I am a 28 year old Australian, as well as British. I already have a bachelors degree in law. I have been working as a paralegal for some time. I am interested in studying a full undergraduate science degree in Germany and later possibly a Masters. I don't yet speak German.

I am a bit nervous about how I pay to live in Germany. 

Are there actually scholarships or grants I could apply for that would cover a substantial period? 

Is it realistic to get a job while studying in terms of


timetabling/having enough time to study
getting paid work when I don't yet speak German. Ideally in a field related to my science studies, or as a paralegal/document reviewer in law.
getting full time work during the holidays? How long are the holidays?

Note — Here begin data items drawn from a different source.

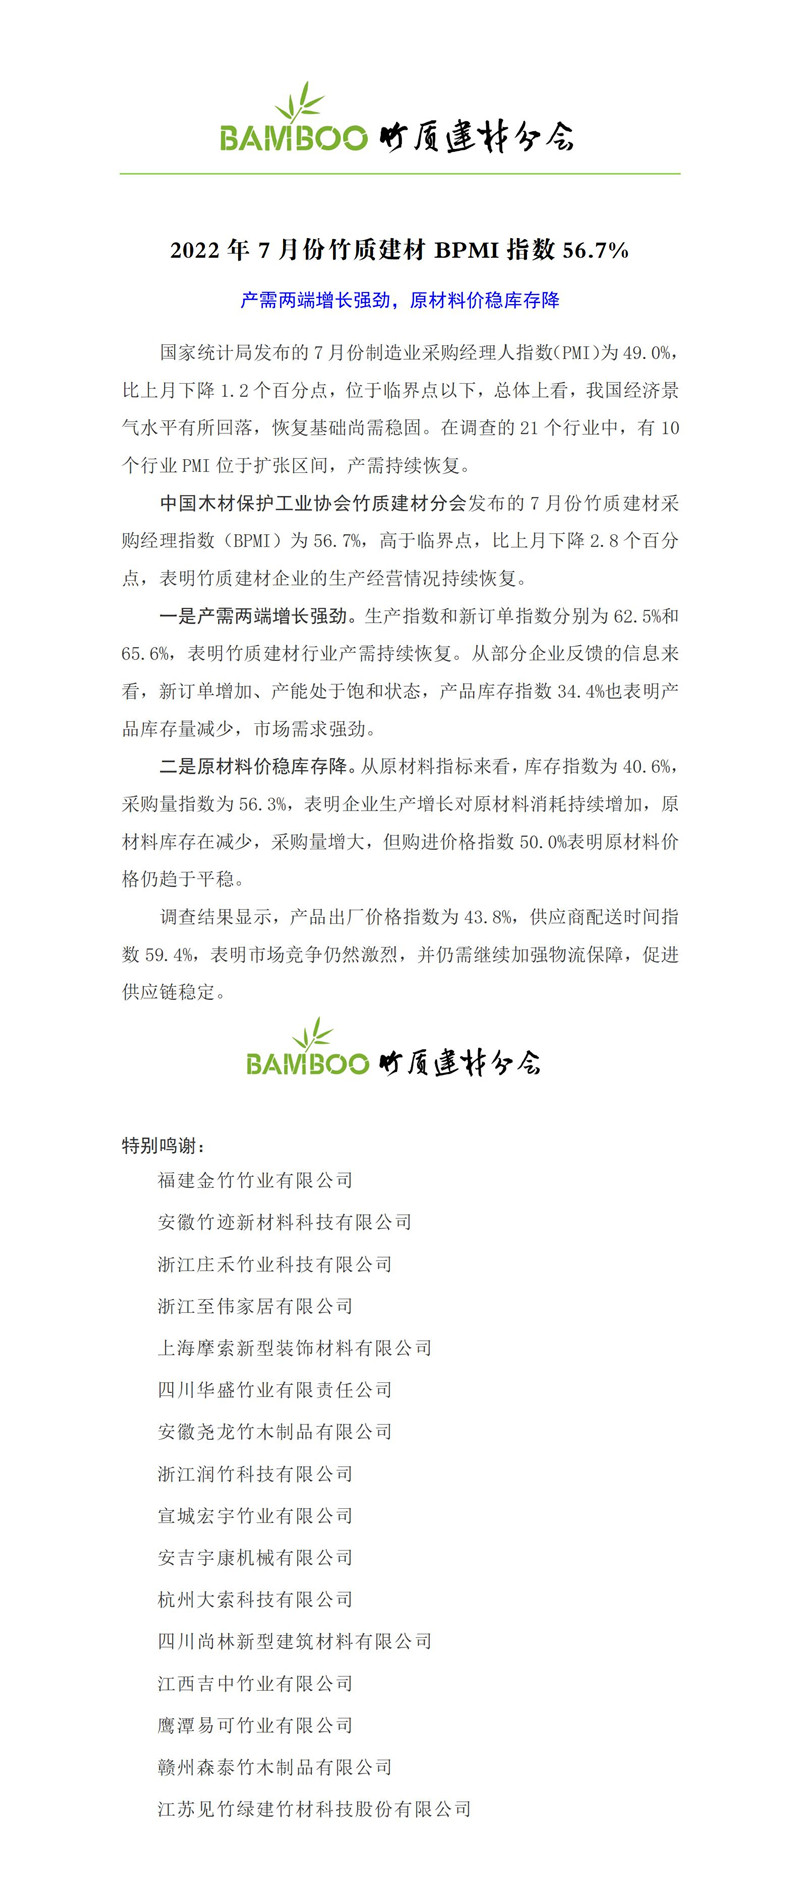 2022年7月竹材行业采购经理人指数-发布_01.jpg
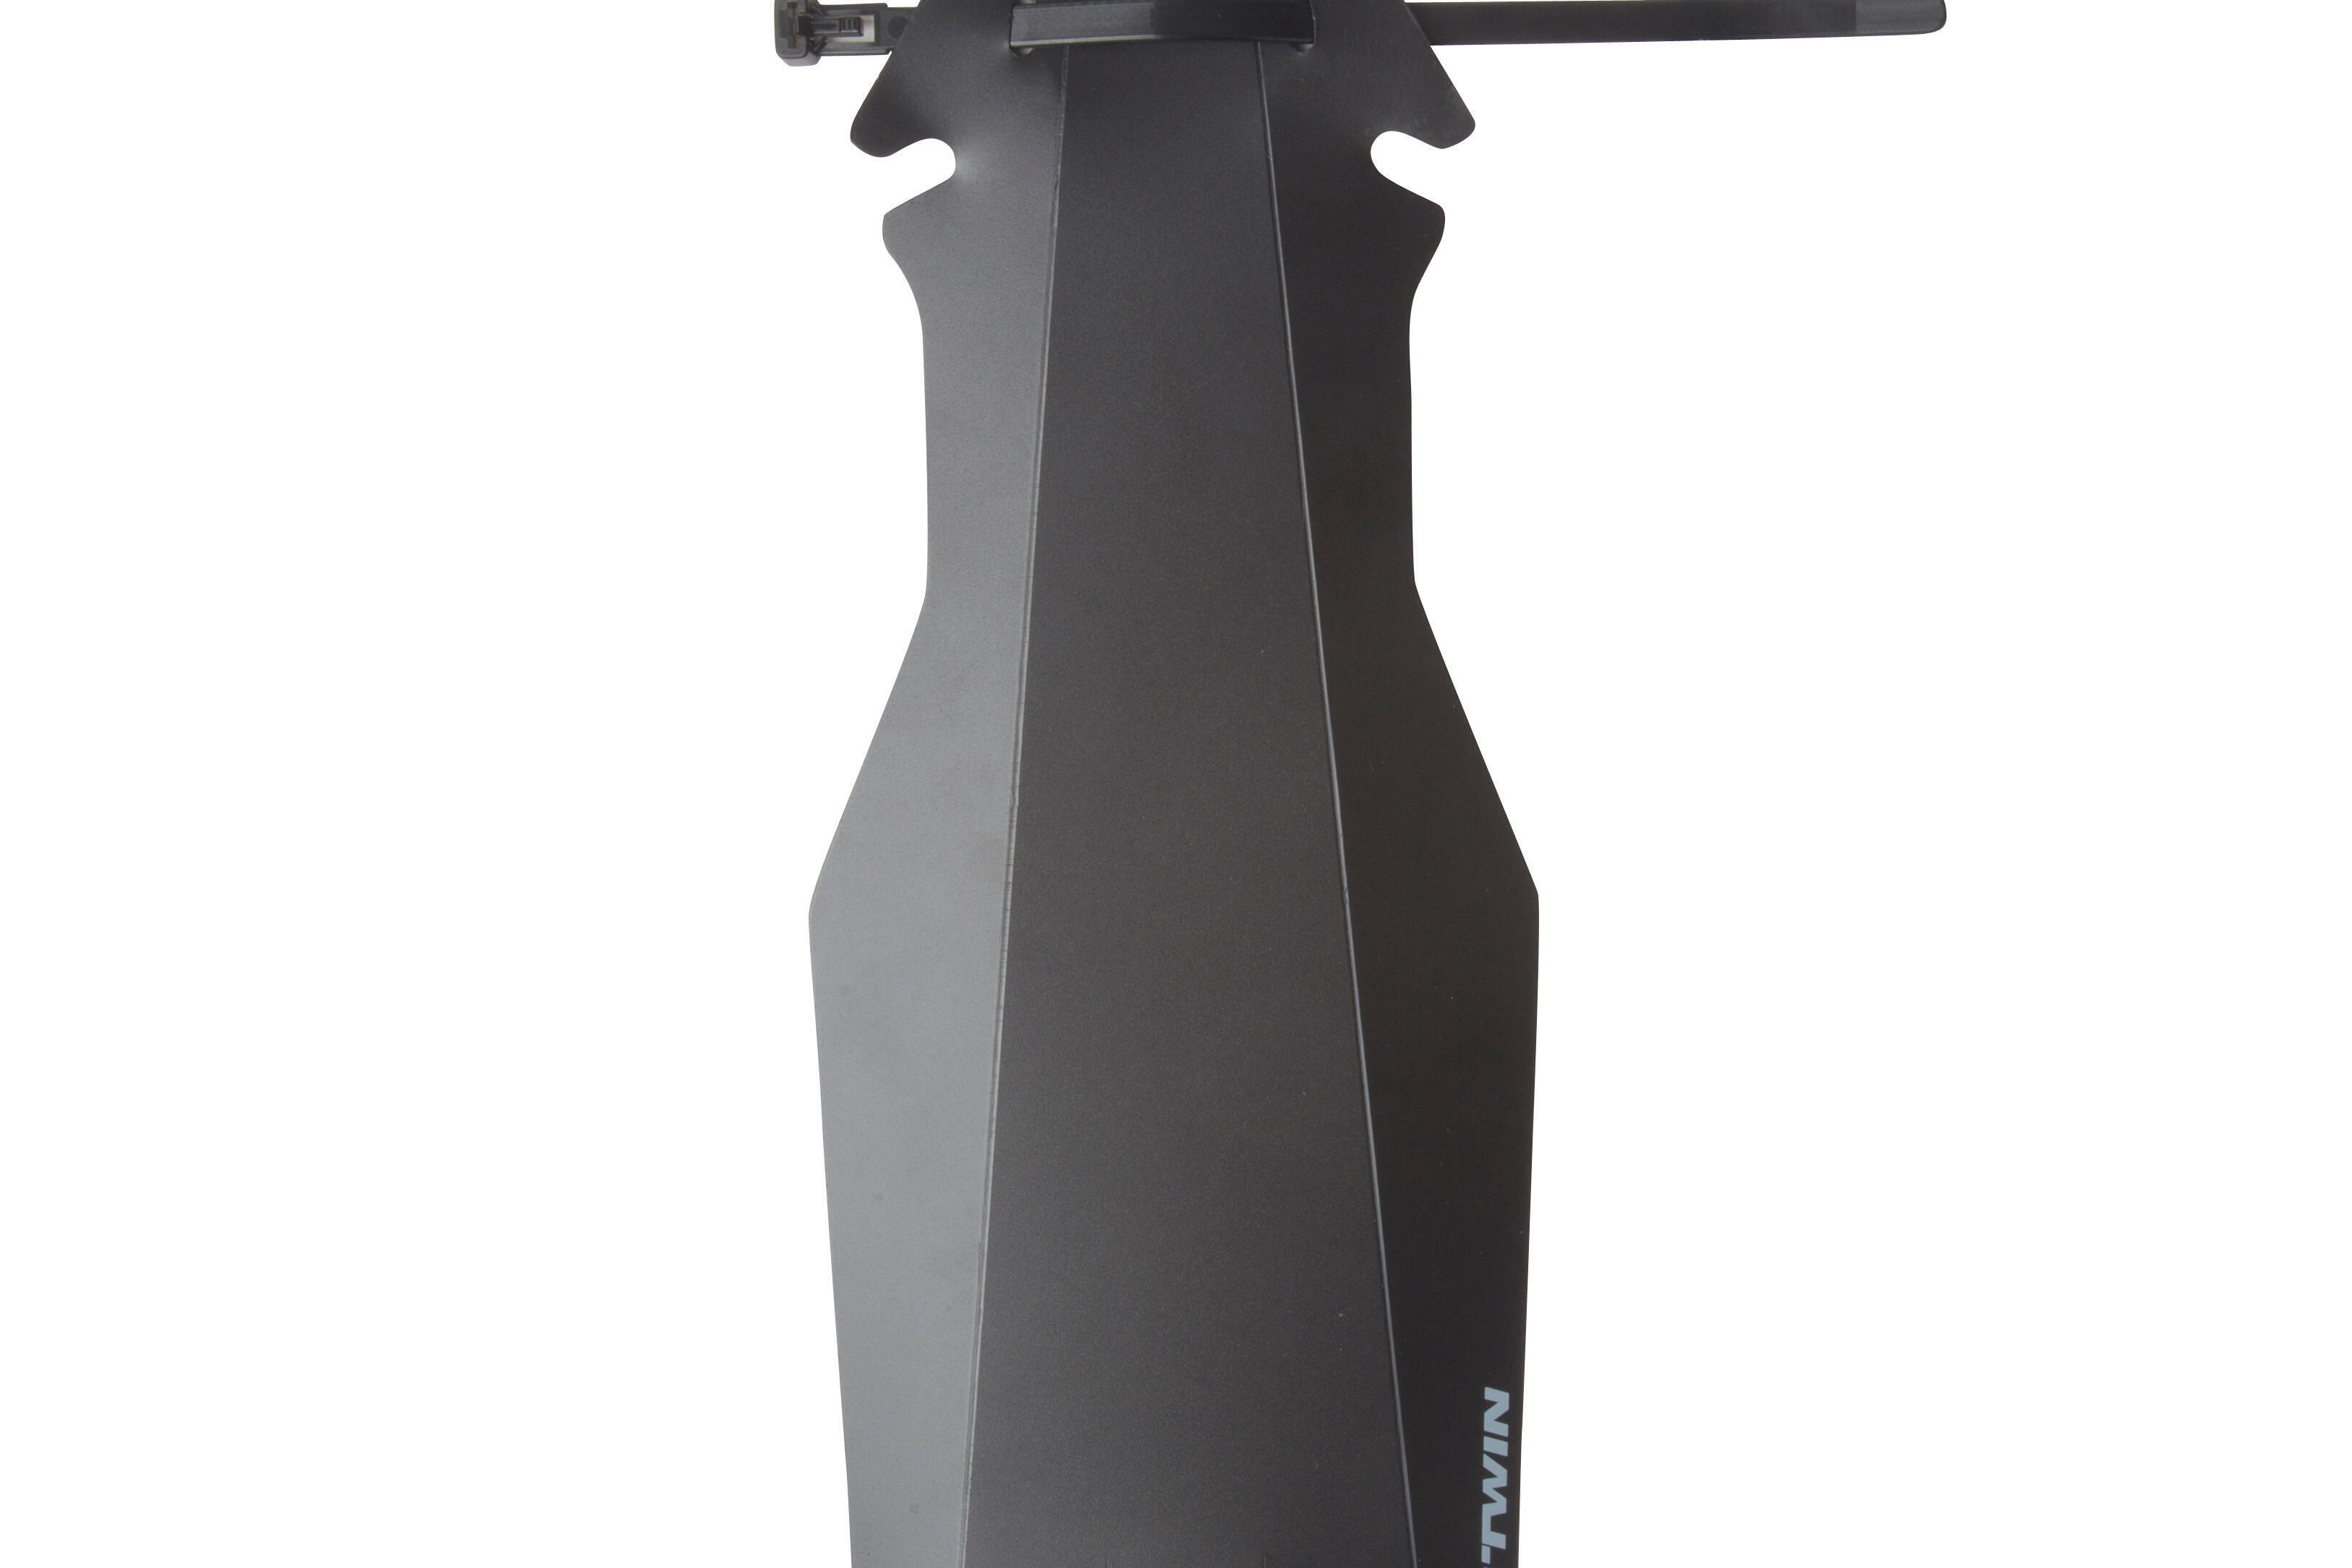 VTT ROCKRIDER ST 100 garde boue arrière flash compatible
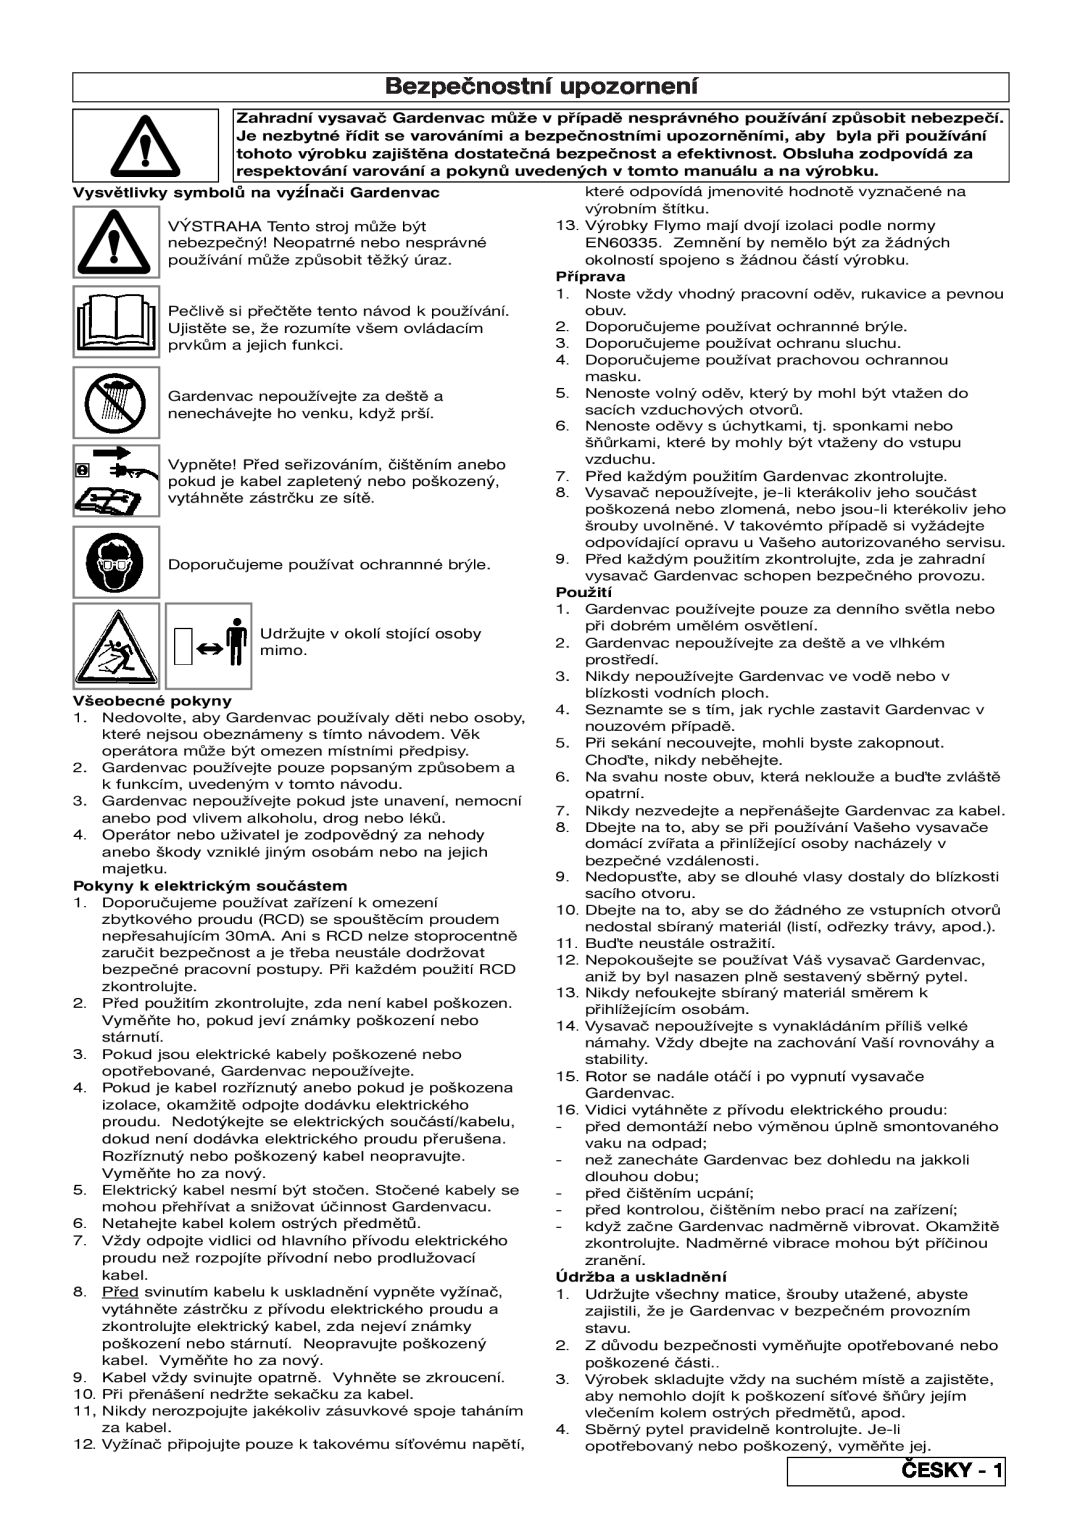 Flymo 2200 Bezpečnostní upozornení, Česky, Vysvětlivky symbolů na vyźĺnači Gardenvac, Všeobecné pokyny, Příprava, Použití 
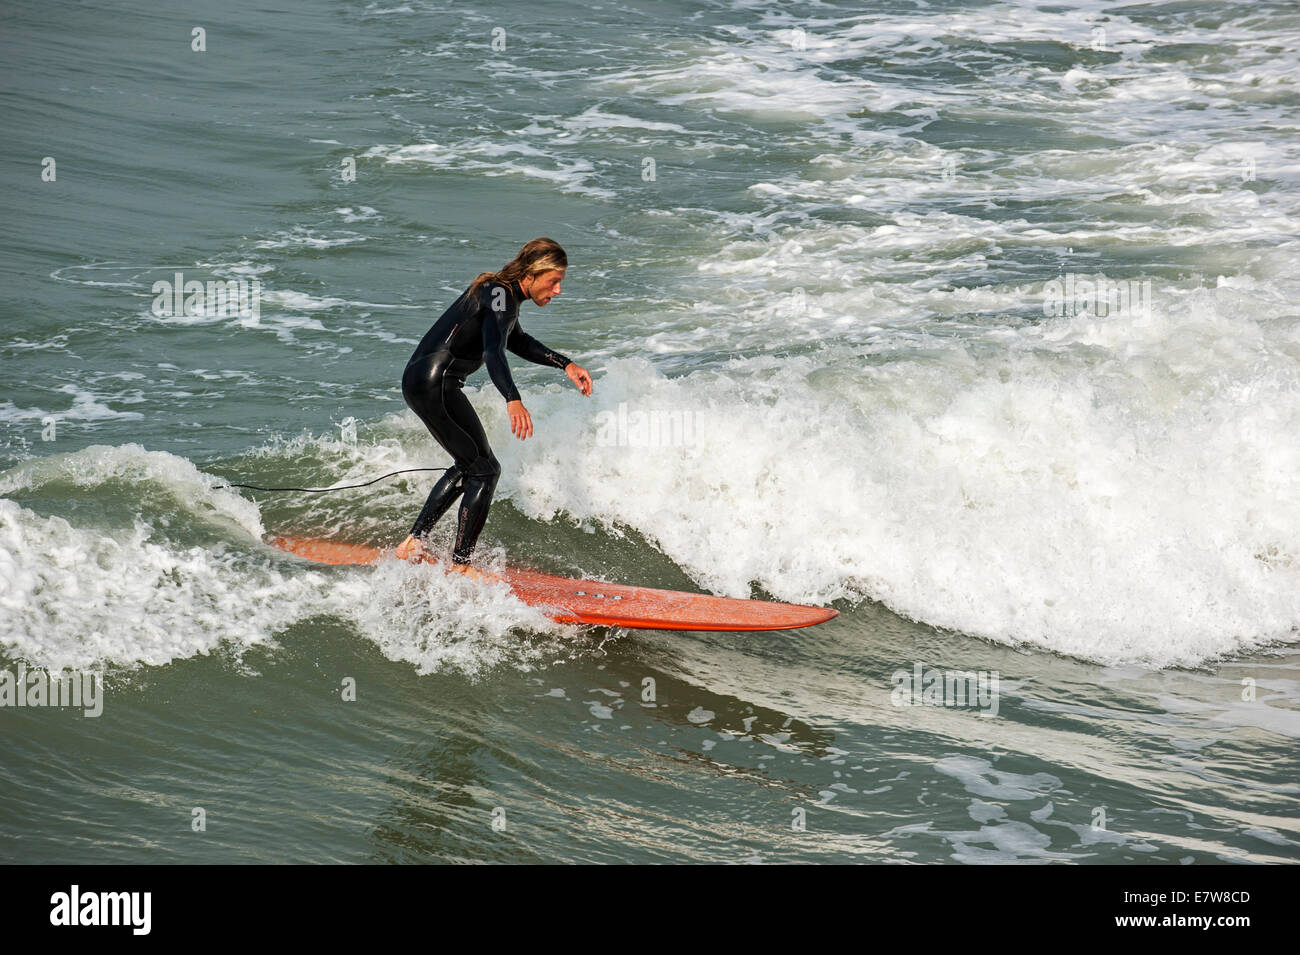 Surfer im schwarzen Anzug auf Surfbrett Welle zu reiten, wie es auf See bricht Stockfoto

Are there other ways of supporting myself while living there?

Are there restrictions on how much I can work? I am a UK citizen.

Would I be classed as 'international' as I am not German but I am from the EU?

Separately, how are study units divided up? In Australia we do four units (subjects) simultaneously each semester (12 weeks). I have heard of some European universities teaching one unit at a time for about 6 weeks then the next until the end of the semester. Is this the practice at German universities? If so, how many units do you do per semester, how long do they last and how long is a semester?

Thanks

Daniel


----------



## Bevdeforges (Nov 16, 2007)

Afraid I don't know much about the German universities, but while we're waiting for someone to come along to help you, you may want to consult the Europa pages on university education:
EUROPA - Education and youth in the EU

I note that they have links to information on Financial help and Working while studying that may be useful. (Click through to find links that relate to particular countries.)
Cheers,
Bev


----------



## ALKB (Jan 20, 2012)

dantheman87 said:


> Hi!
> 
> 
> I am a 28 year old Australian, as well as British. I already have a bachelors degree in law. I have been working as a paralegal for some time. I am interested in studying a full undergraduate science degree in Germany and later possibly a Masters. I don't yet speak German.
> ...


Look through this website:

https://www.daad.de/deutschland/stipendium/en/

A lot of students work part time while studying. Your chances of securing a job depends largely on where you will be studying in Germany and how quickly you learn German.

As an EU national there is no restriction on how many hours you can work (apart from general national labour law that applies to everybody).

If we are talking state universities, it would not matter whether you are classed as international or not because there is no difference in fees.


----------